Она, с готовностью и к испугу и к улыбке, вскинула на меня
маслянисто-голубые глаза:
- Quelle dame, monsieur?
- Mais la dame brune, la-bas?
- Quelle table, monsieur?
- Numero dix.
- C'est une russe, monsieur.
- Et puis?
- Je n'en sais rien, monsieur.
- Est-elle chez vous depuis longtemps?
- Depuis trois semaines, monsieur.
- Toupurs seule?
- Non, monsieur. II у avait un monsieur...
- Jeune, sportif?
- Non, monsieur... Tres pensif, nerveux...
- Et il a disparu un jour?
- Mais oui, monsieur...1
"Так, так! - подумал я. - Теперь кое-что понятно. Но
куда это исчезает она по утрам? Все его ищет?"

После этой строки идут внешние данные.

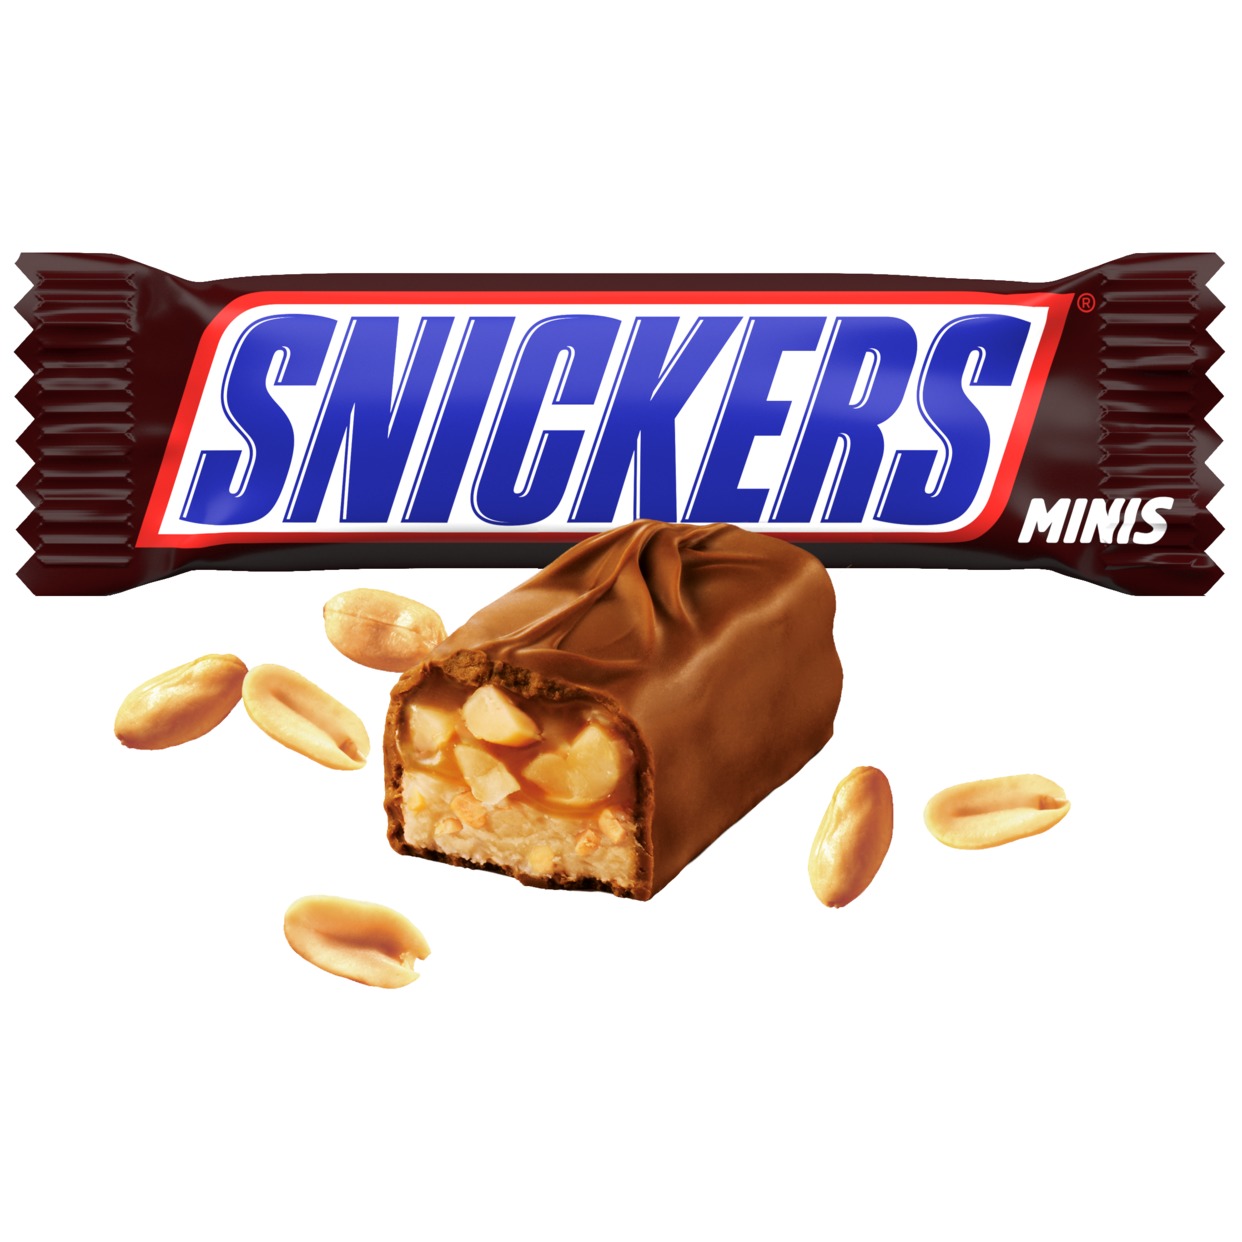 Шоколадный батончик Snickers Minis по акции в Пятерочке

На другой день, вскоре после кофе, я, как всегда, услыхал
в открытое окно своей комнаты хруст гальки в садике пансиона,
выглянул: она, с раскрытой, как всегда, головой, под зонтиком
того же цвета, что и платье, куда-то уходила скорым шагом в
красных эспадрильях. Я схватил трость, канотье и поспешил за
ней. Она из нашего переулка повернула на бульвар Карно, - я
тоже повернул, надеясь, что она в своей постоянной
сосредоточенности не обернется и не почувствует меня. И точно
- она ни разу не обернулась до самого вокзала. Не обернулась и
на вокзале, входя в купе третьеклассного вагона. Поезд шел в
Тулон, я на всякий случай взял билет до Сен-Рафаэля, поднялся в
соседнее купе. Ехала она, очевидно, недалеко, но куда? Я
высовывался в окно в Напуле, в Тэуле... Наконец, высунувшись на
минутной остановке в Трэйясе, увидал, что она идет уже к выходу
со станции. Я выскочил из вагона и опять пошел за ней, держась,
однако, в некотором отдалении. Тут пришлось идти долго - и по
извивам шоссе вдоль обрывов над морем, и по крутым каменистым
тропинкам сквозь мелкий сосновый лес, по которым она сокращала
путь к берегу, к заливчикам, изрезывающим берег в этой
скалистой, покрытой лесом и пустынной местности, этот скат
прибрежных гор. Близился полдень, было жарко, воздух неподвижен
и густ от запаха горячей хвои, нигде ни души, ни звука, -
только пилили, скрежетали цикады, - открытое к югу море
сверкало, прыгало крупными серебряными звездами... Наконец она
сбежала по тропинке к зеленому заливчику между сангвиновыми
утесами, бросила зонтик на песок, быстро разулась, - была на
босу ногу, - и стала раздеваться. Я лег на каменистый отвес,
под которым она расстегивала свое мрачно-цветистое платье,
глядел и думал, что, верно, и купальный костюм у нее такой же
зловещий. Но никакого костюма под платьем не оказалось, - была
одна короткая розовая сорочка. Скинув и сорочку, она, вся
коричневая от загара, сильная, крепкая, пошла по голышам к
светлой, прозрачной воде, напрягая красивые щиколки, подергивая
крутыми половинками зада, блестя загаром бедер. У воды она
постояла, - должно быть, щурясь от ее ослепительности, -
потом зашумела в ней ногами, присела, окунулась до плеч и,
повернувшись, легла на живот, потянулась, раскинув ноги, к
песчаному прибрежью, положила на него локти и черную голову.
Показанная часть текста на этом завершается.